Published : 2018-11-09 17:14:07
Categories : BLOG

The cameo and Classical Antiquity

What many people do not know is that the cameo, intended as a work of art at 360 degrees, as well as being linked to the stories of aristocratic families, as a portrait commissioned to immortalize the faces of the beloved, ancestor of modern photographs, is closely linked to classical antiquity and, more precisely, to mythology

We are talking about that matter, ever so fascinating, which lends itself well to figurative reproduction, especially for those myths that are known by everyone, recognizable visibly in precise images and coded scenes.

Those codes that are adapted to be reproduced even in a small space, in a small work of the engraving art: the cameo.
I have the pleasure to talk to you briefly, on this occasion, about some myths depicted in the cameos, which you can find in our shop. Some are very well known, others less so.

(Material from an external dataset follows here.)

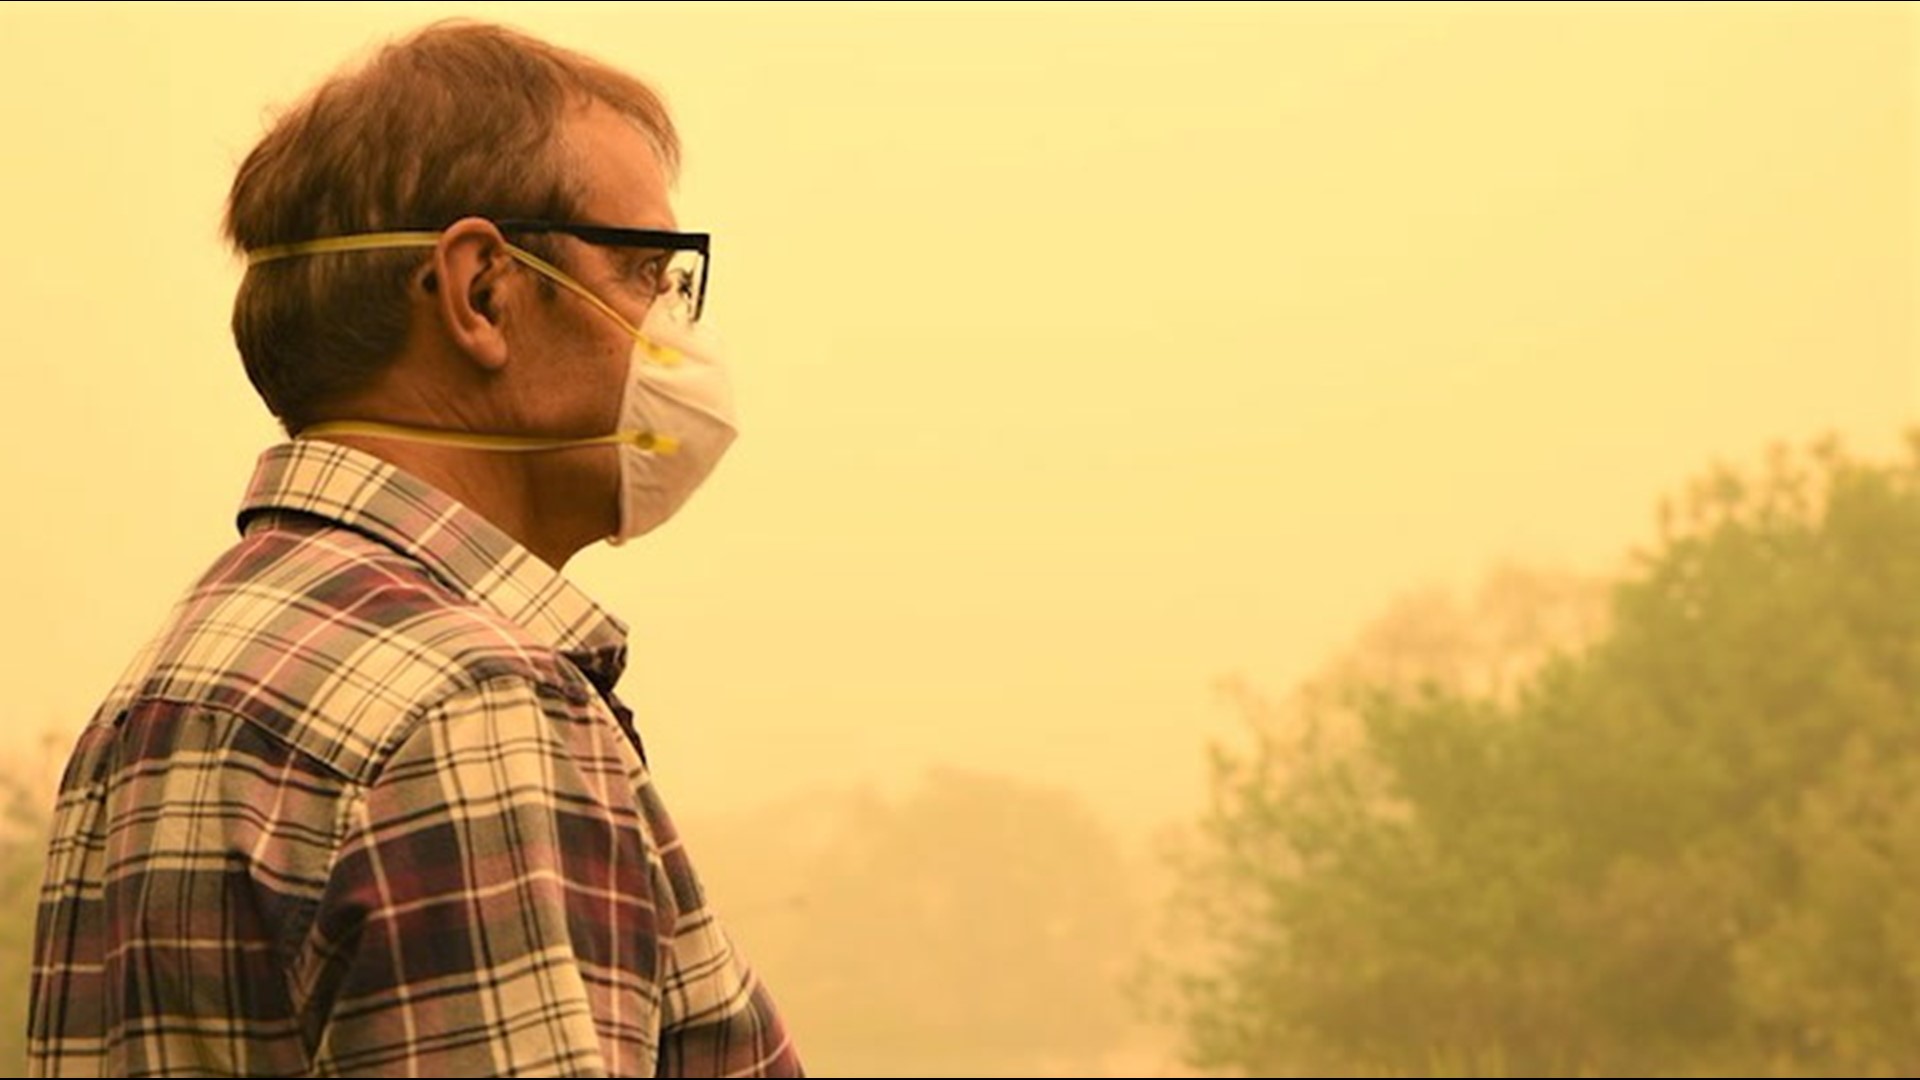 To avoid inhaling wildfire smoke, be sure you're wearing a mask that will protect you from breathing dangerous smoke and gases into your lungs.

The myth of Medusa and Caravaggio on a Cameo

Let's start with the myth of Medusa: she was a beautiful girl, transformed by the goddess Athena, out of jealousy, into an ugly creature with a head covered in snakes. Medusa was able to petrify anyone who crossed her gaze. Only a hero, Perseus, succeeded in the task of killing her, beheading her, and then giving her head to Athena, who placed it in the center of her shield, so that, having the gaze preserved the evil power, it petrified all the enemies.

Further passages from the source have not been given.